The Labour assumption that most makes the blood of Lib Dems boil is they have the monopoly of being anti-Tory and the LDs have just to follow on behind or else they will get the blame for letting in the dreaded Tories. Ill-thought out comments by a leading Labour front-bencher at the wrong time could scupper everything.

For an offer by the Tories or Labour requires a language and rhetoric by the asking party that is highly sensitive and I could see Cameron doing a much better job in that area.

But could the Tories offer a deal that is acceptable?
The most powerful argument that I think would resonate would be the election result itself. Some form of arrangement that saw the Lib Dems voting with the Tories on the Queen’s Speech would be putting right what the electoral system had got so badly wrong in the General Election. The result would have been a massive injustice – the Lib Dems would merely be correcting that.

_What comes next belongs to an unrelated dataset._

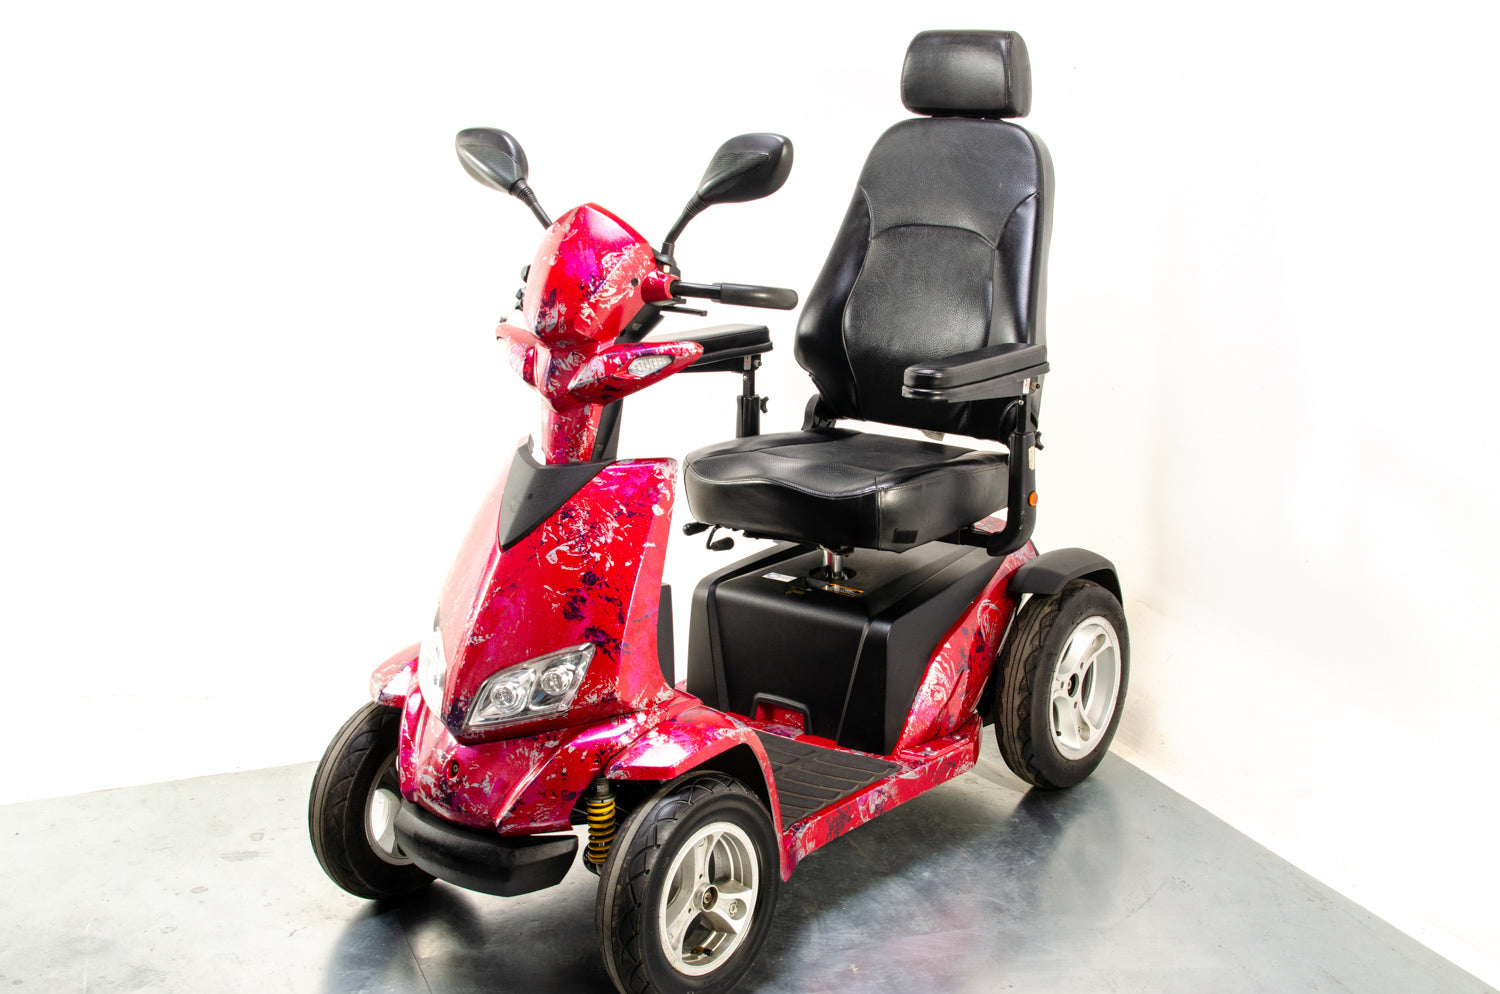 Rascal Vision Used Electric Mobility Scooter 8mph Large All-Terrain Road Legal Custom Pink Pneumatic Tyres 13453
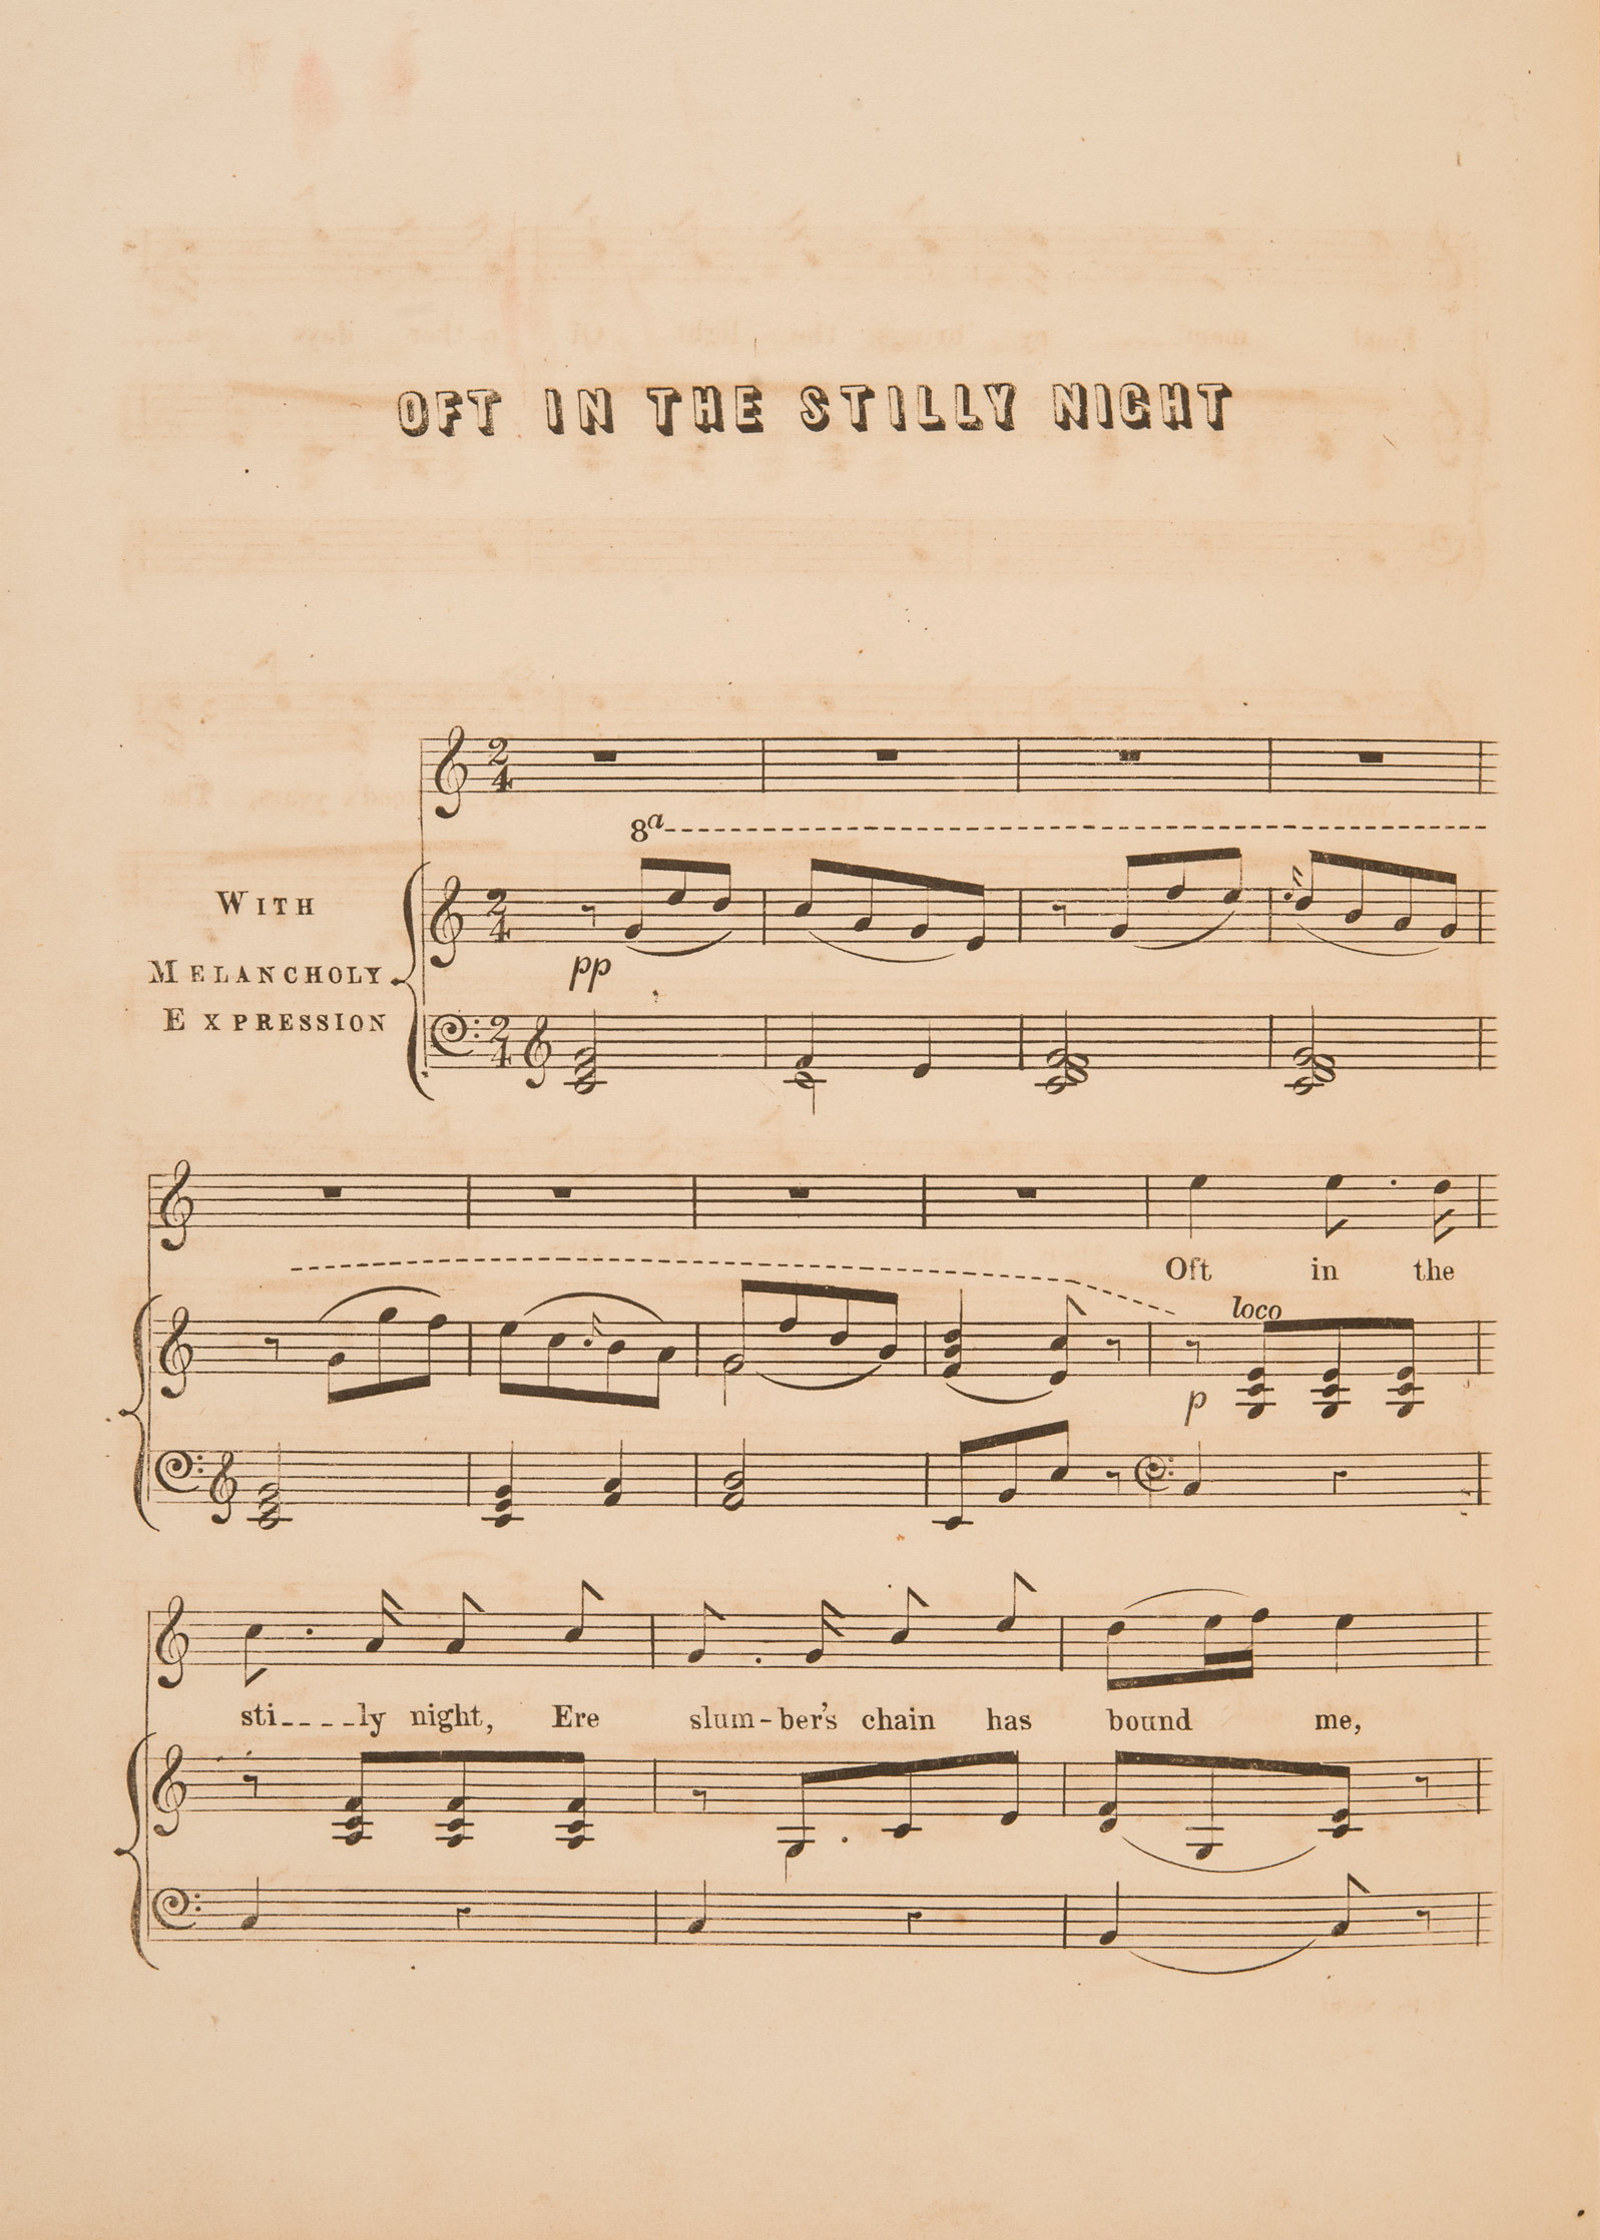 Sheet music, 'Oft in the Stilly Night,' by Thomas Moore, page 1, circa 1858

That would be quite tough for the Lib Dems to buy
especially as the social authoritarian strain of Conservatism combined with the approach on immigration that Michael Howard sought to articulate still make the Tories appear to be the “nasty” party. It is also hard to see how Cameron could move much more to create a proposition that was acceptable to the Lib Dems without causing splits on the right.

My guess is that Prime Minister Brown who would announce that Labour would carry on as a minority government. He would effectively be daring the other parties to combine and vote his minority administration down in the Queen’s Speech debate that would follow. This gamble would prove costly.

Without any formal agreement between the Lib Dems and the Tories Brown’s Labour would be voted down. Cameron would then seek to form a minority Government which would, in its first programme, offer enough to keep the Lib Dems on board without there being a formal deal.

Cameron would probably quite like such an outcome – having to win support of the Lib Dems and others on every issue. It would keep the “fruitcakes” in his party under control and he could stay in power long enough to choose an election day when the Tories could win.

Such a government might not be good for Simon Heffer’s blood pressure but it would make politics very interesting.